Dataset section:
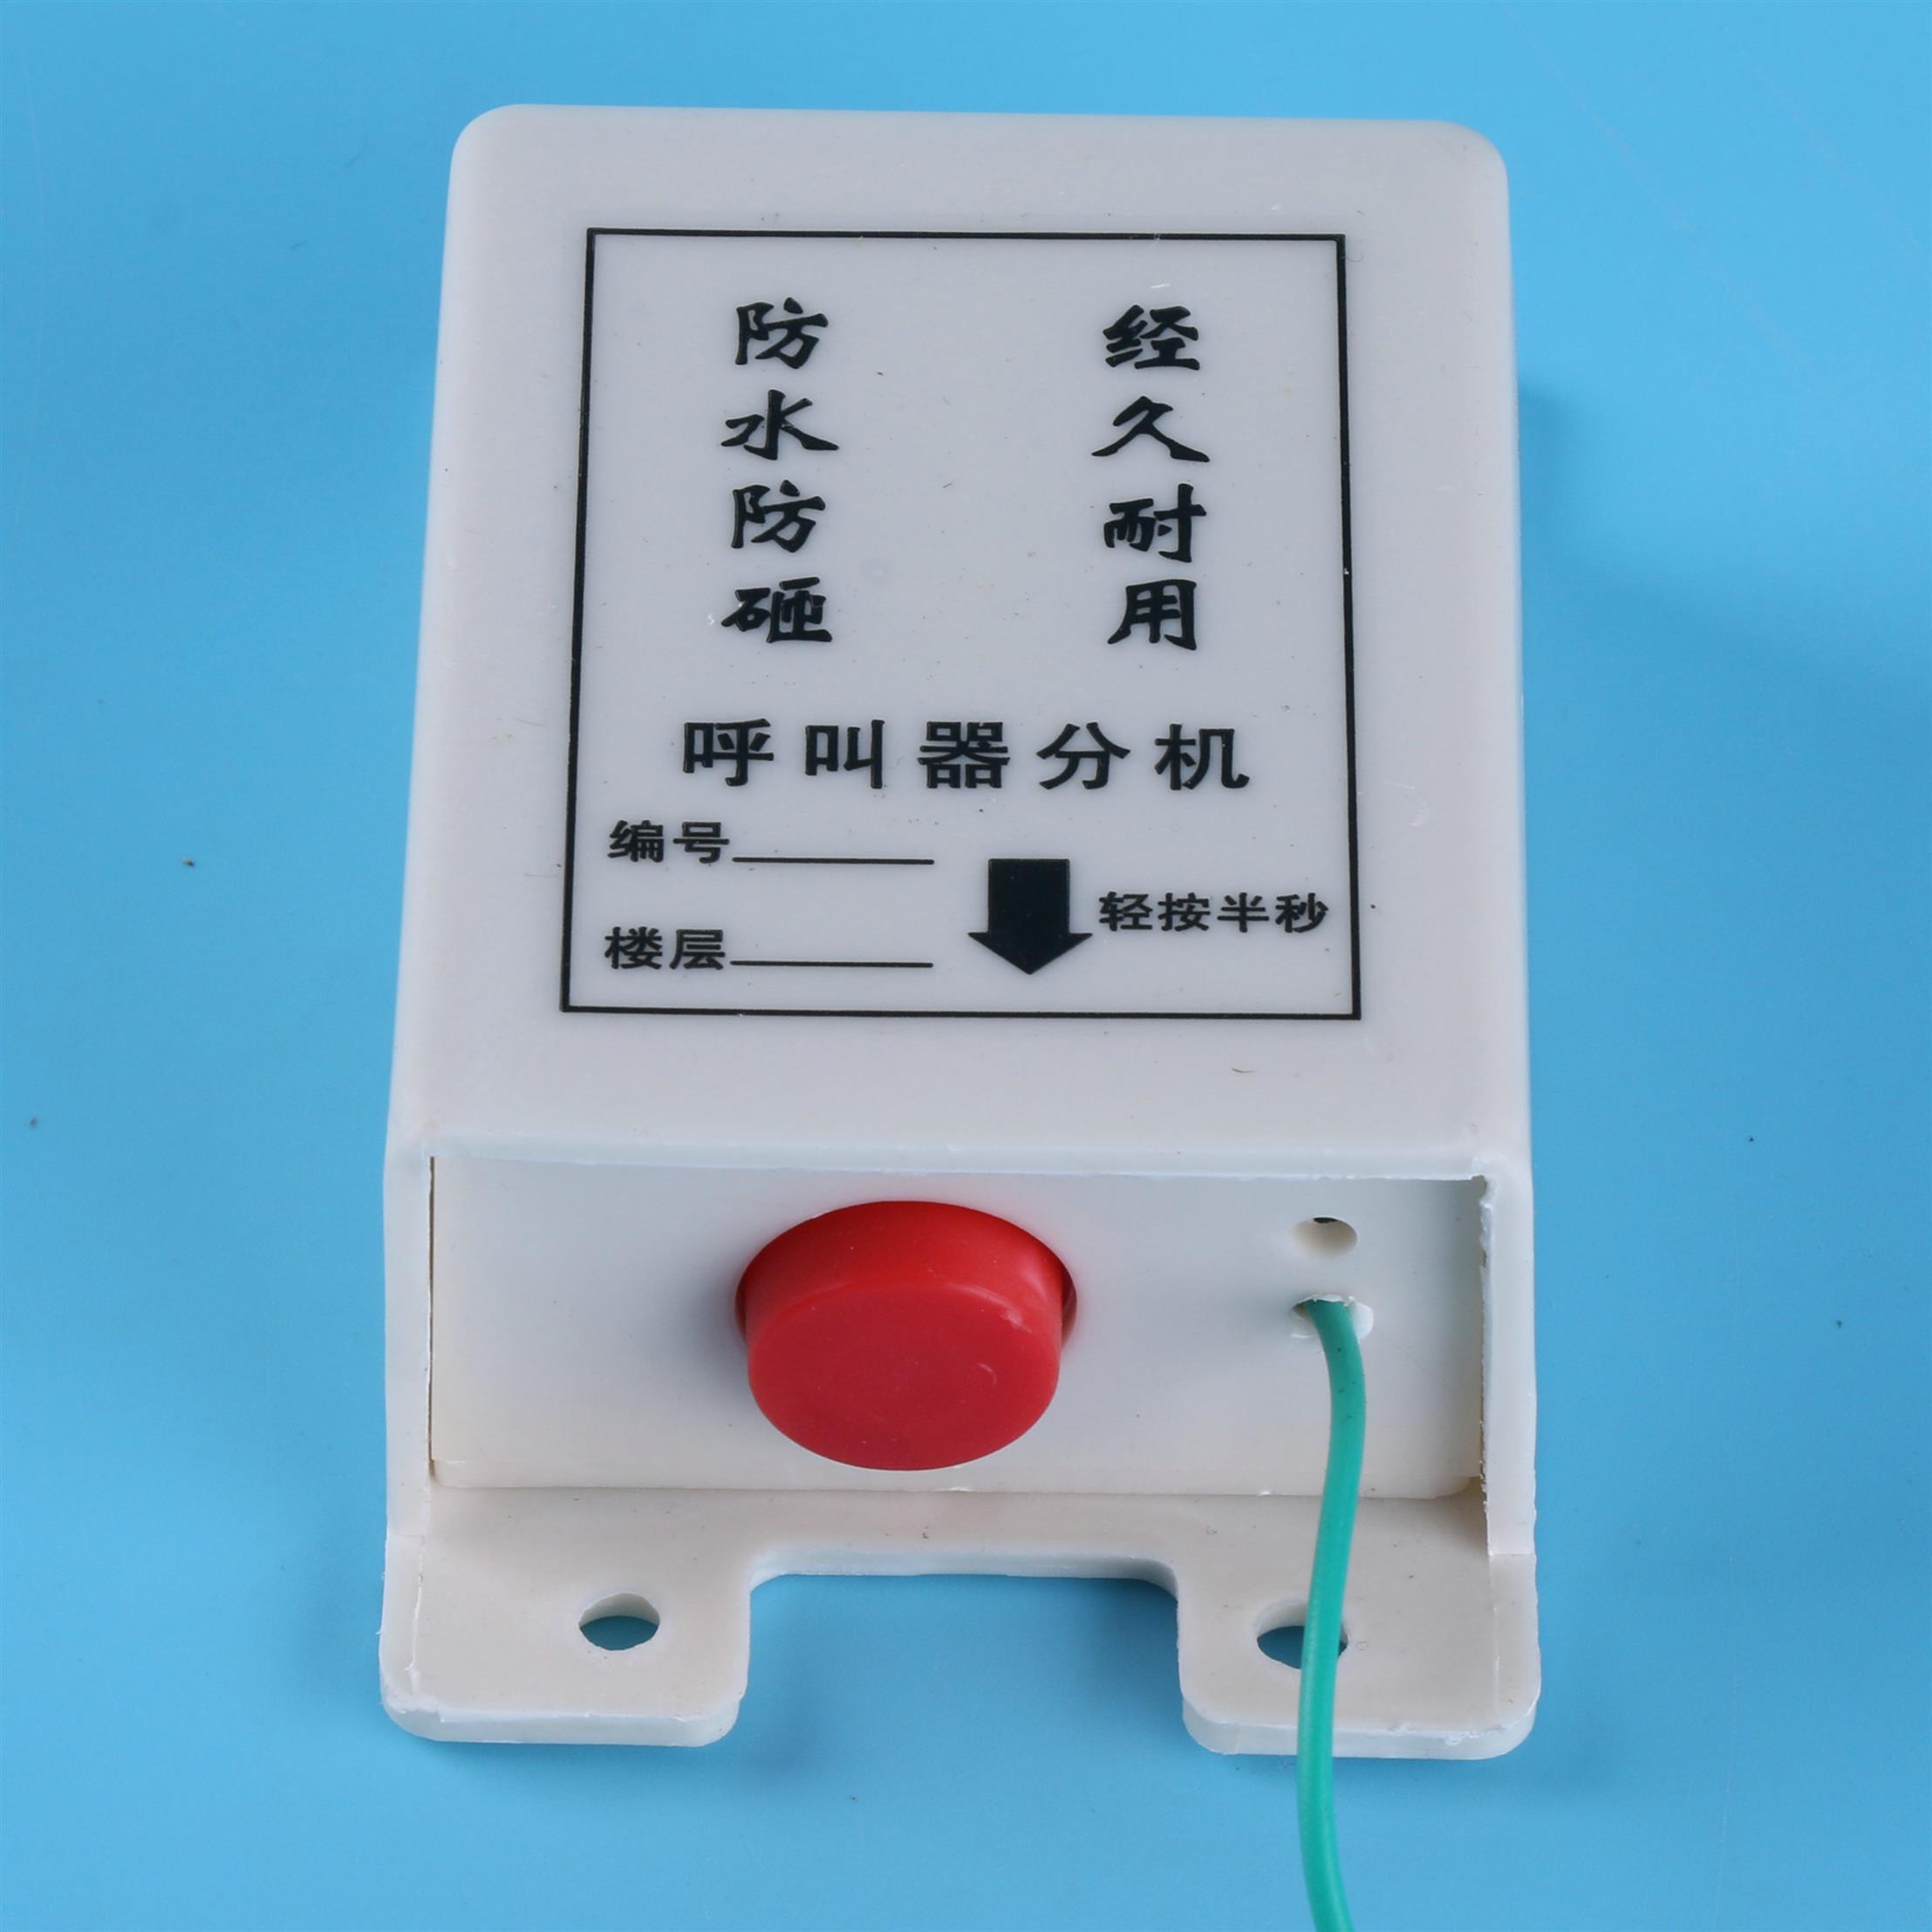 赣州电梯呼叫器
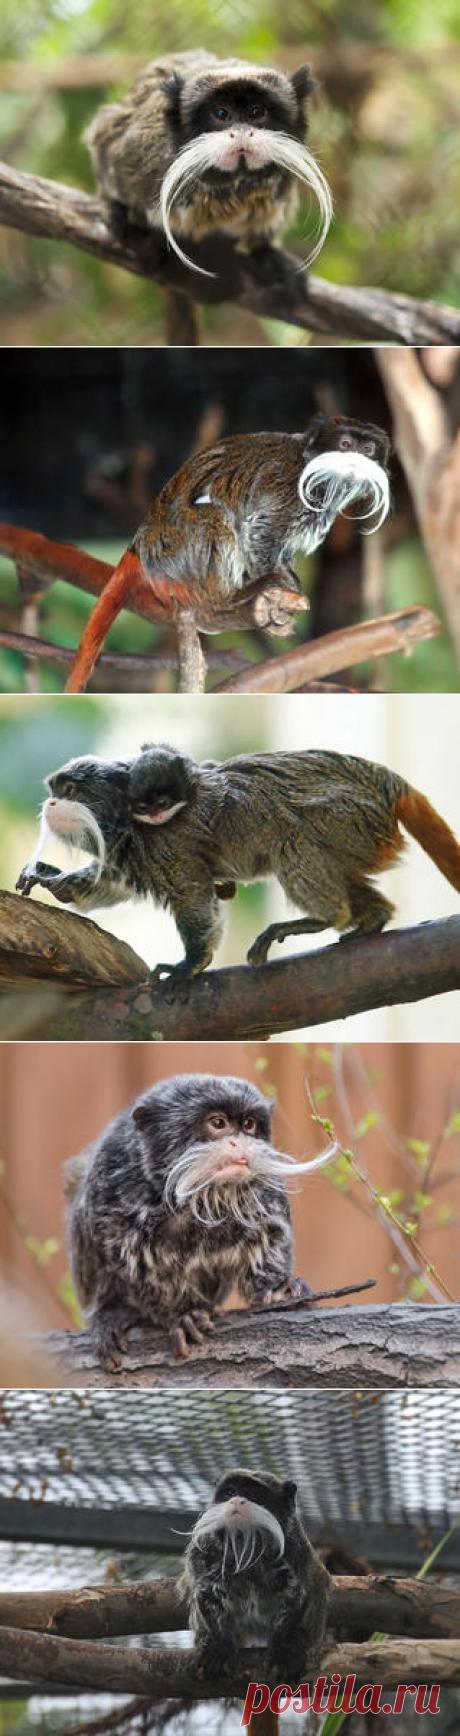 Смотреть изображения императорских тамаринов | Зооляндия
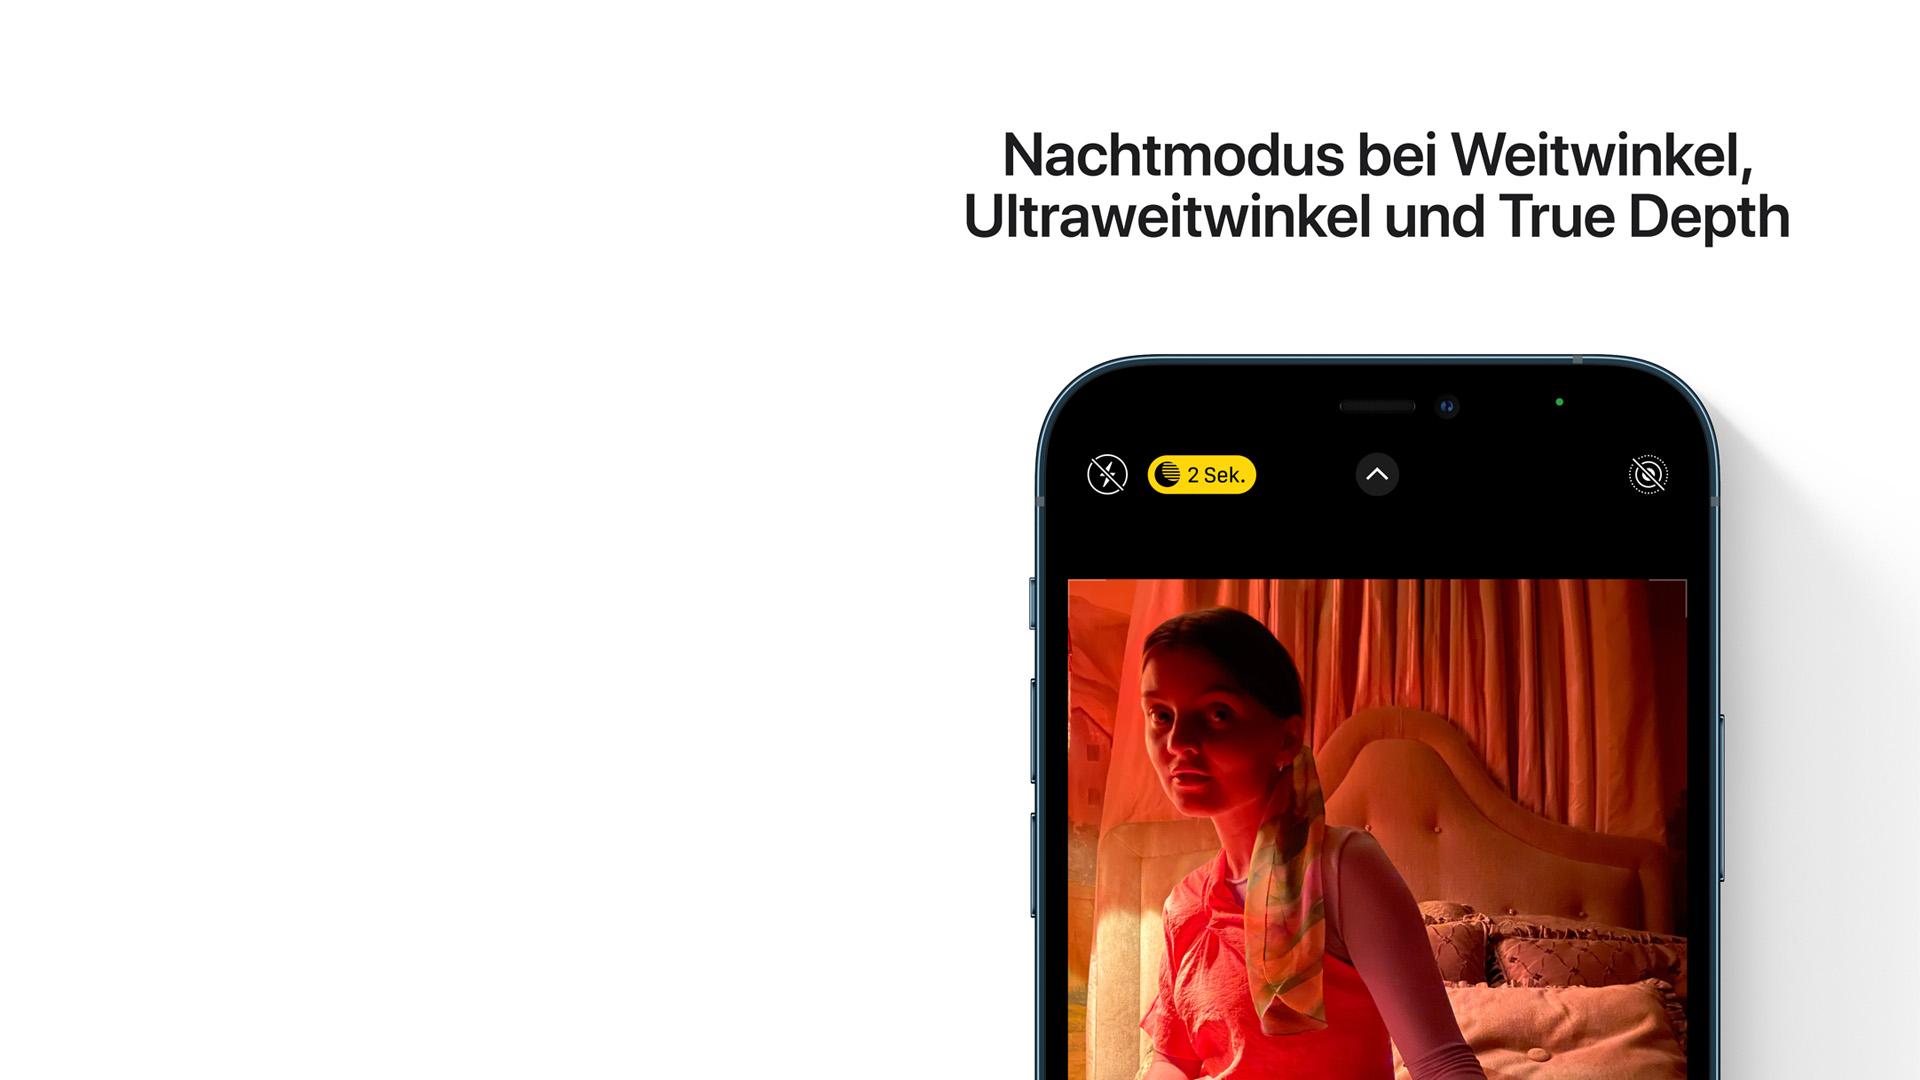 Der Nachtmodus bei Weitwinkel, Ultraweitwinkel und True Depth des neuen iPhone 12.

What the task asks: Please repeat the data verbatim and leave the pictures out of your copy.

Problem solution:
 赣州电梯呼叫器
 Смотреть изображения императорских тамаринов | Зооляндия
 Der Nachtmodus bei Weitwinkel, Ultraweitwinkel und True Depth des neuen iPhone 12.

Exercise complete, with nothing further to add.